▶ **Collected data**:
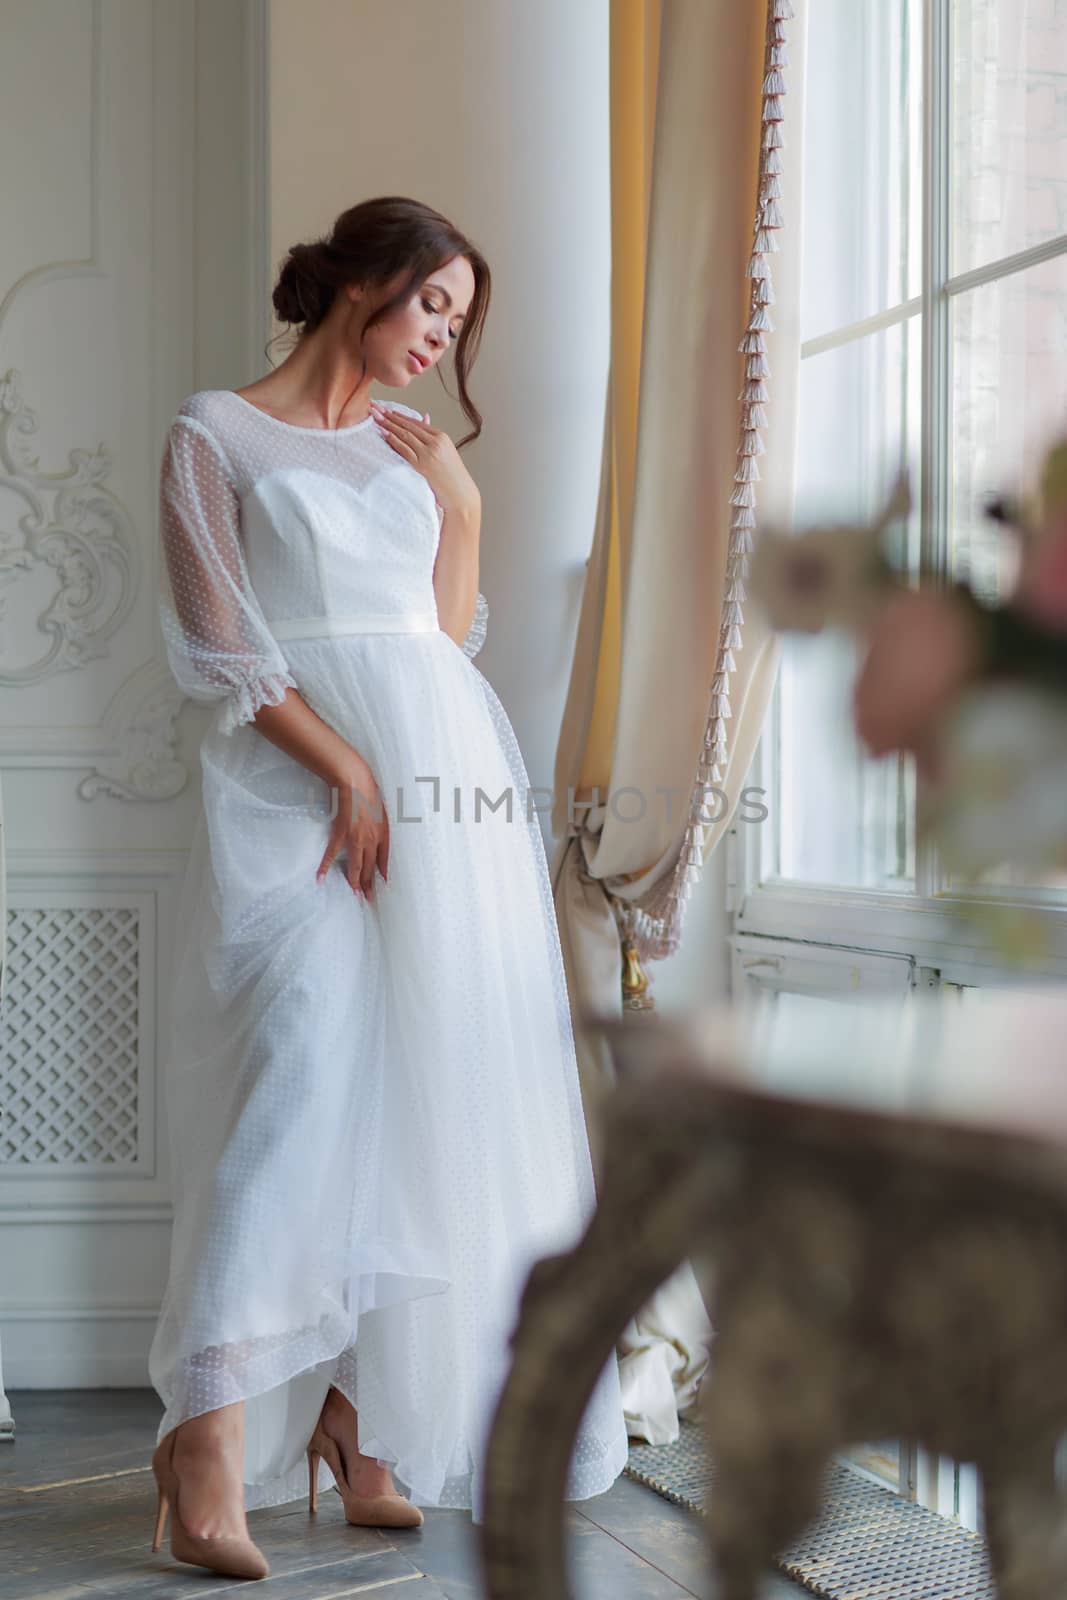 Full-length portrait of the bride in a white wedding dress by the window.
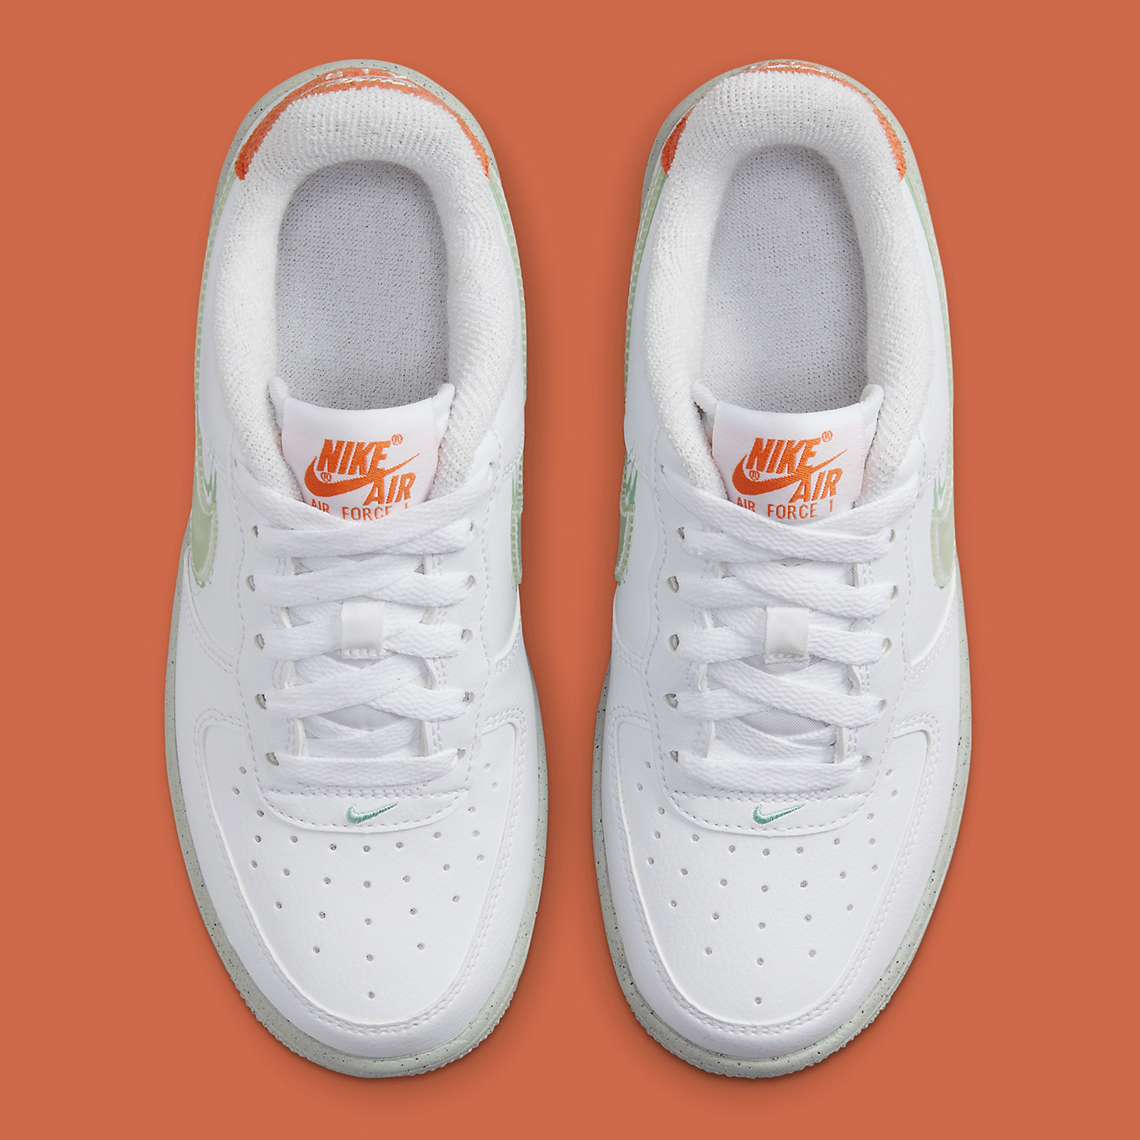 Nike india Air Force 1 DX3067 100 3 1
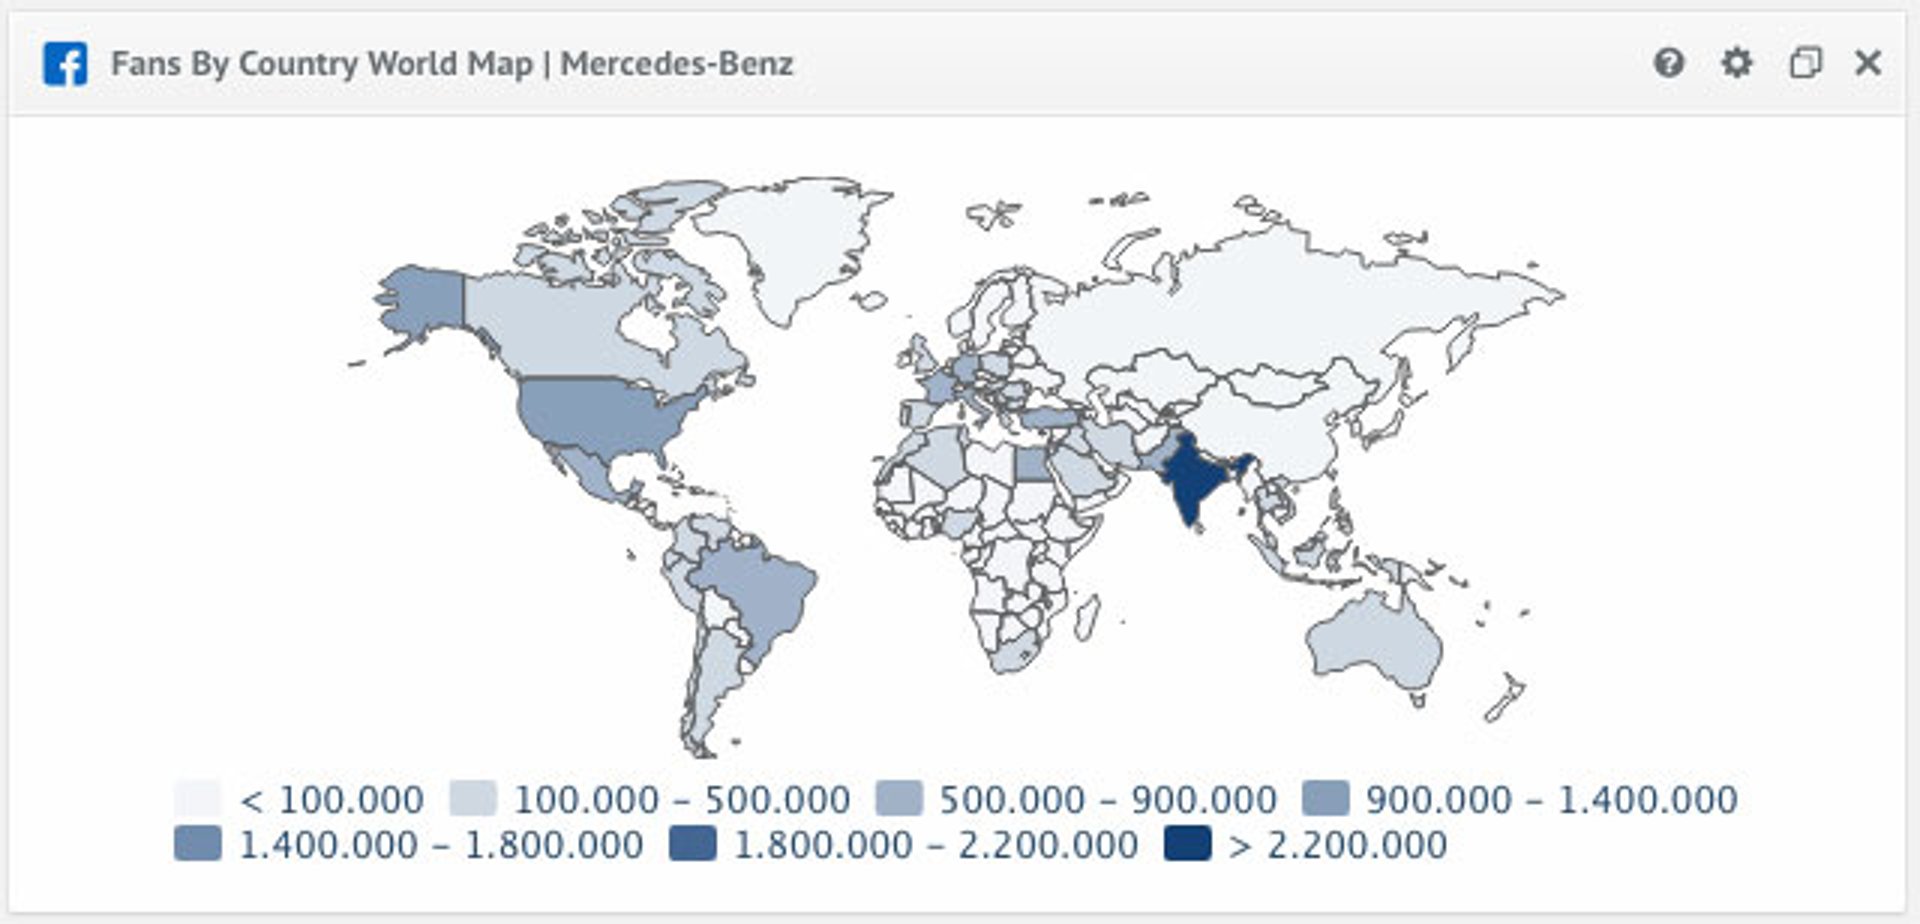 Fans by Country World Map Mercedes Benz

▶ **What the task requires**:
Could the listing above be transcribed exactly, with the pictures left out?

▶ **Task output**:
 Full-length portrait of the bride in a white wedding dress by the window.
 Nike india Air Force 1 DX3067 100 3 1
 Fans by Country World Map Mercedes Benz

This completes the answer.